Today is Good Friday, and many churches will be packed as the faithful celebrate Easter.
The crucifixion of Christ, and in two days’ time, the joyful feast of the resurrection are the holiest days in the calendar.
Educated in a C of E church school 70 years ago, I had the importance of this festival dinned into me. But it seemed natural, anyway.
England was a much more religious country then. Not in a showy kind of way, but as part of life. Church – or chapel – was embedded in the social fabric.
As a teenager, I courted my girlfriend (and future wife) in the youth club of a Wakefield Methodist chapel, after the Sunday service. Looking back, it was all terribly innocent, though Mother Nature had ways of getting us into mischief.

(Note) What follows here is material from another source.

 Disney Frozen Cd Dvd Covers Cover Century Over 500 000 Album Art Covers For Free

This weekend, we’re visiting Cramond Kirk, a 15th-century church just north of Edinburgh, where 60 years ago on Sunday the Rev Campbell Maclean married us.

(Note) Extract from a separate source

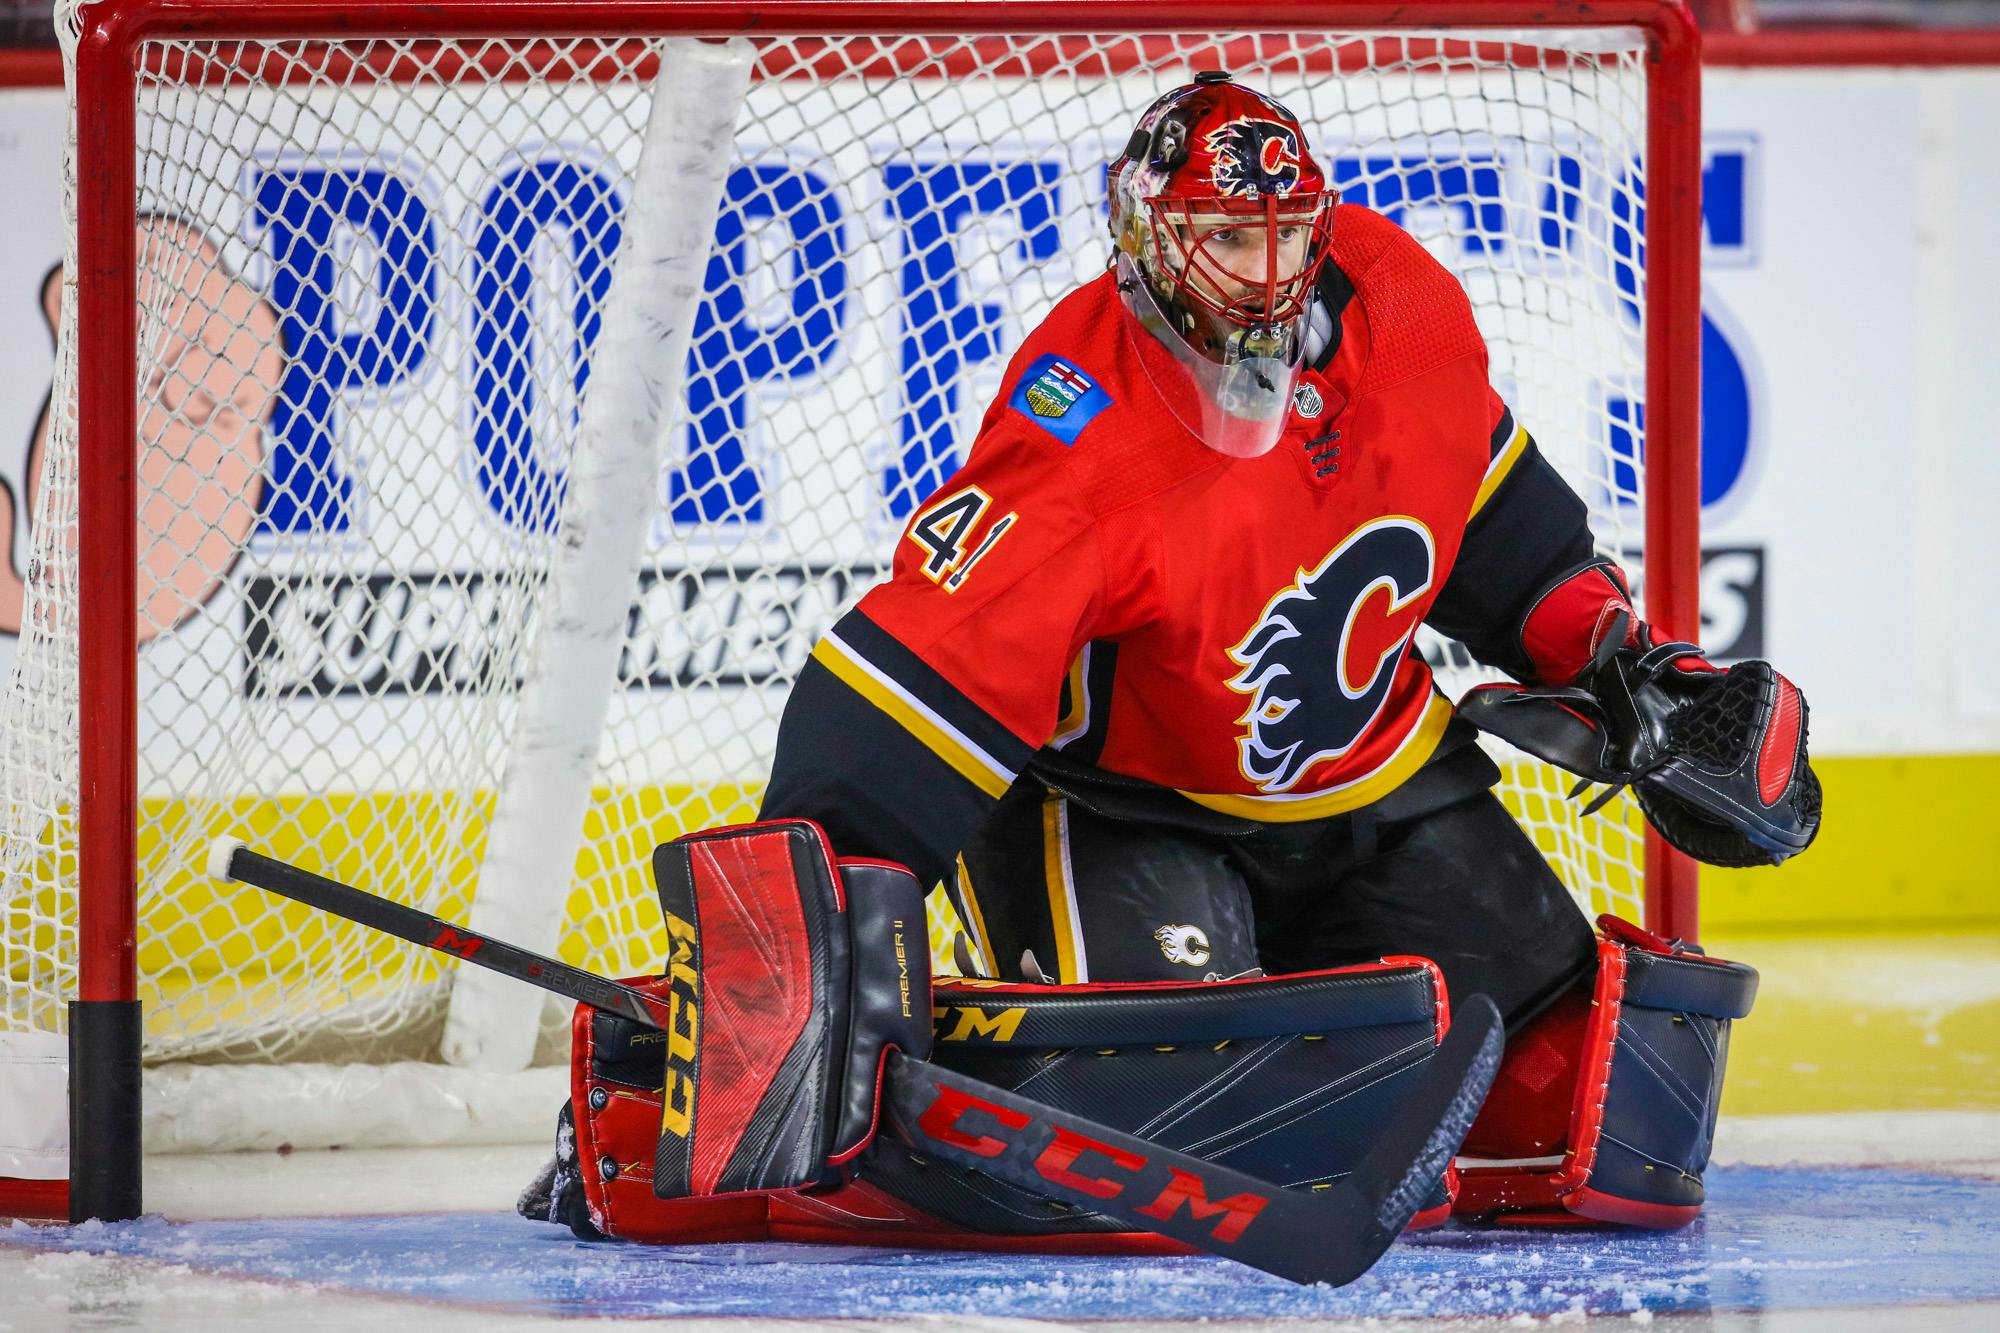 Goalie Mike Smith impressing Calgary Flames early on

I was just 19, she was 17. We eloped to Scotland because my father wouldn’t let us wed. It took an understanding Church of Scotland minister to make us an honest couple.

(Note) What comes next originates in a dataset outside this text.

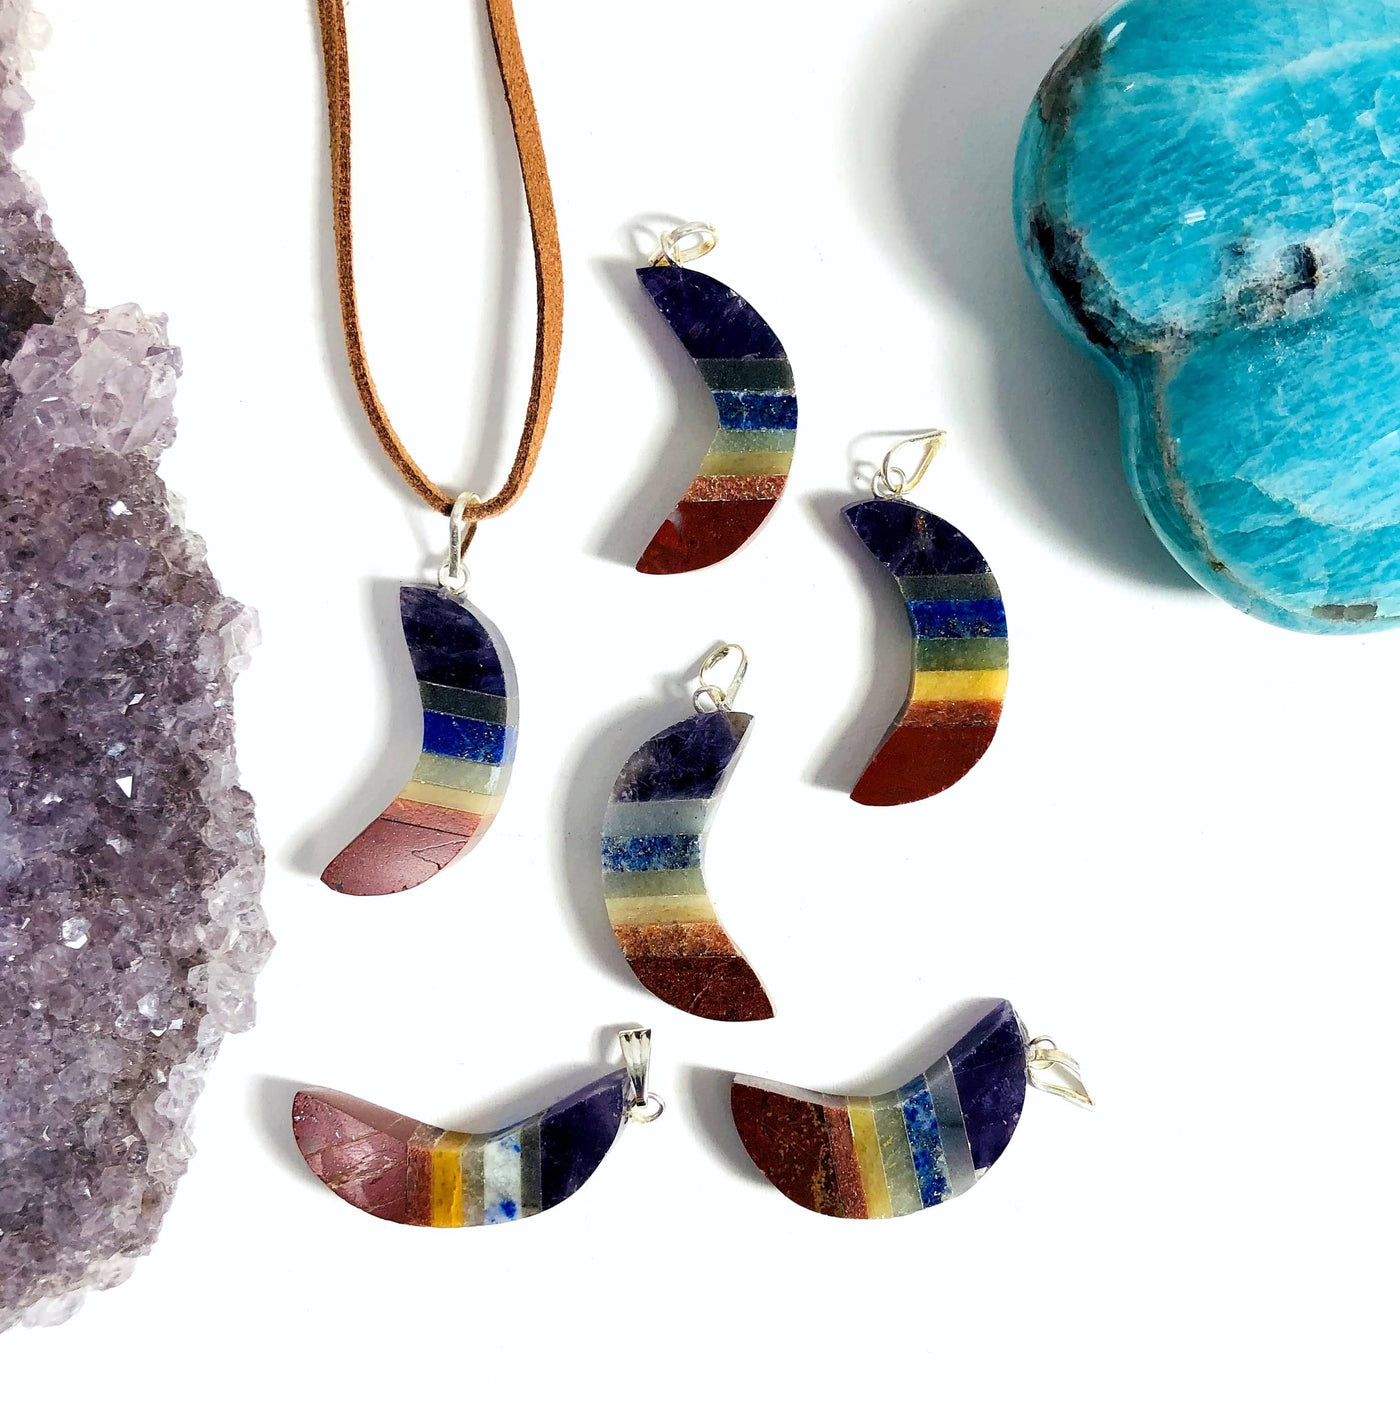 multiple moon pendants displayed to show the slight differences in the stones

I write about this not merely to remember, but to consider the role of religion in politics.
It’s unusual to have a practising Christian in No 10 these days, and Theresa May was the last Anglican premier.
But we now have a devout Hindu as Prime Minister, and the SNP chose Humza Yousaf, a Muslim, as its leader by a narrow margin over Kate Forbes, an evangelical Christian.
Belief still has an influence in public life, even if not always visible. Is that a good thing? Possibly, if politicians think there may be something superior to themselves.
The late John Smith, the best Labour premier we never had, was a regular churchgoer, arguing that politics “ought to be a moral activity”.
And he had a sense of humour.
“I’m going to pray for Nigel!” he once joked of a union leader who leaked a story to me. The Almighty would approve of that.